The people that really lost out to the legacy of Margaret Thatcher were left-wing voters. Resuscitated back to life by Tony Blair in its horrific neoliberal guise, and starved of direction and courage under the leadership of Brown and Miliband, Labour may have recovered electorally since the days of Thatcher, but it is no longer a comfortable home for left-wing voters. It has allowed itself to become a slightly muted version of the Tories, rather than a strong, progressive voice of change. By pandering to populist rhetoric it has not only done irreparable damage to itself, but to British politics as a whole.
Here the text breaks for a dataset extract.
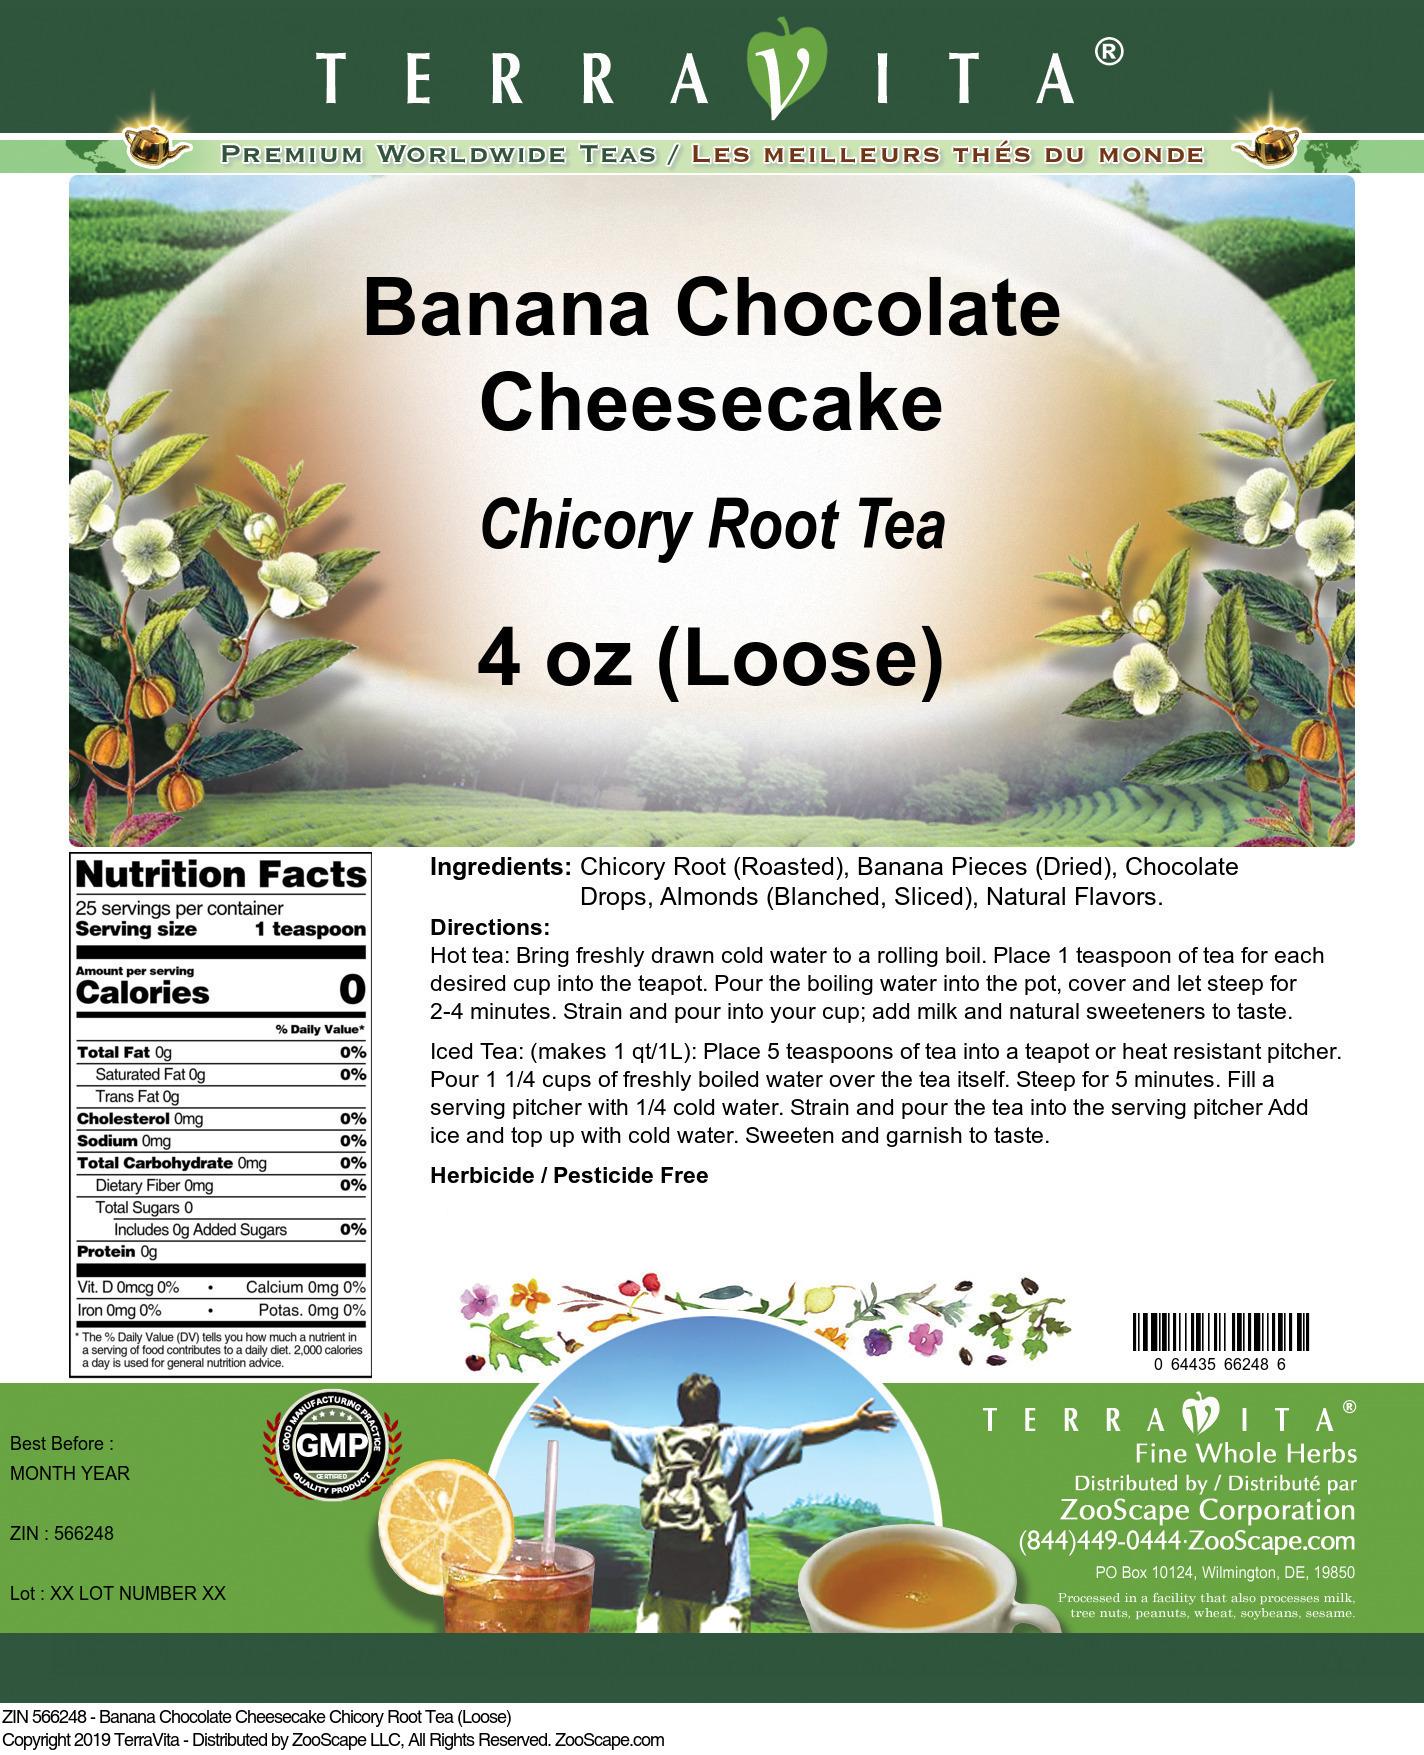 Banana Chocolate Cheesecake Chicory Root Tea (Loose)

There's no point in voting if there are no alternatives, and sadly Labour ceased to be that some time ago. Tuition fees and privatising the NHS? Labour introduced them. Benefits caps and spending cuts? Labour will match them. Environmental concerns? No, Labour doesn't have a clue either...
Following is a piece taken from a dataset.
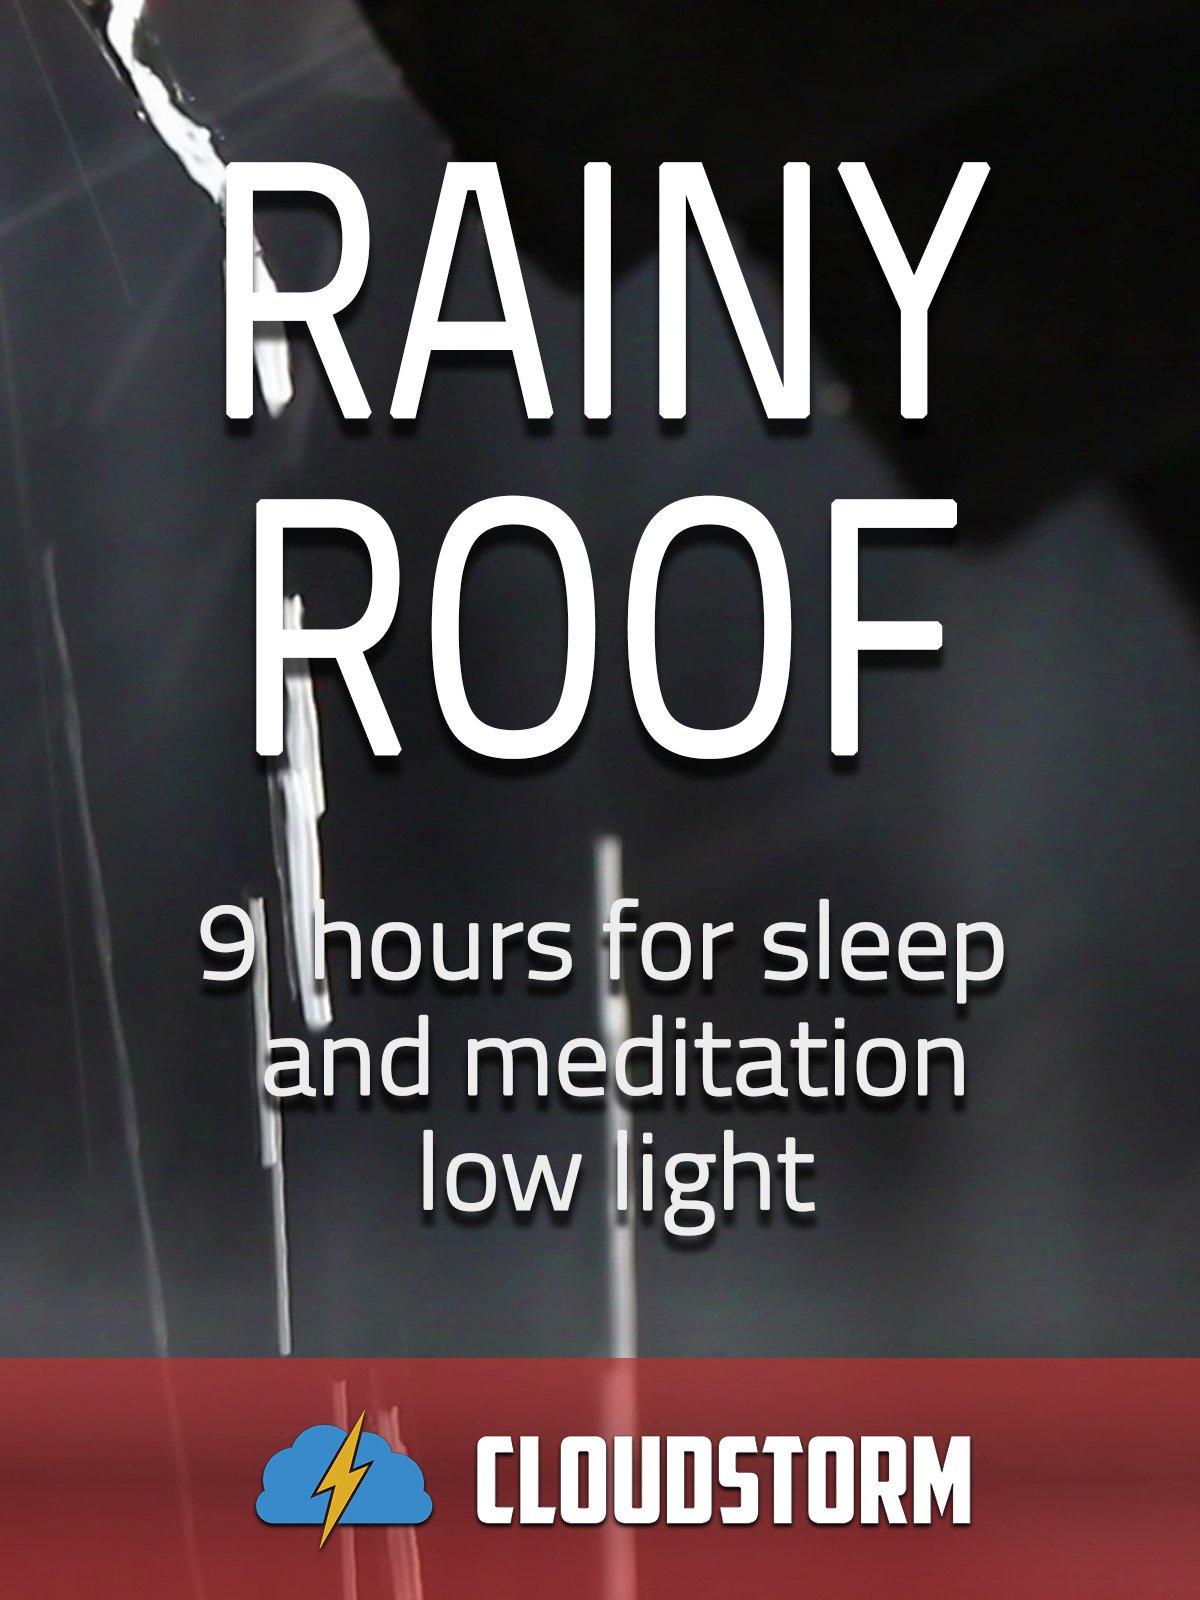 Rainy roof, 9 hours for Sleep and Meditation, low light

The fall-out from Labours lurch to the Right has been a dishevelled and disorientated Left, comprised mainly of small, bickering, and constantly fragmenting parties that have 'socialist' or 'workers' in the title somewhere (or both). The Left quite frankly has been left crippled- but not any longer.
The Green Party conference this year has a peculiar feel to it for a party of such a relatively humble position in British politics. It is an air of hope. The Greens have arrived in the run up to next May with an impressive range and depth of policy, carefully costed, democratically decided, and audaciously alternative. Natalie Bennett was very clear in her conference-opening speech- the Greens are positioning themselves firmly as THE party of the left, directly challenging Labour. Stating that 'inequality is economically unsustainable' their leader has made it clear that the Greens scope has flourished far beyond just environmental concerns.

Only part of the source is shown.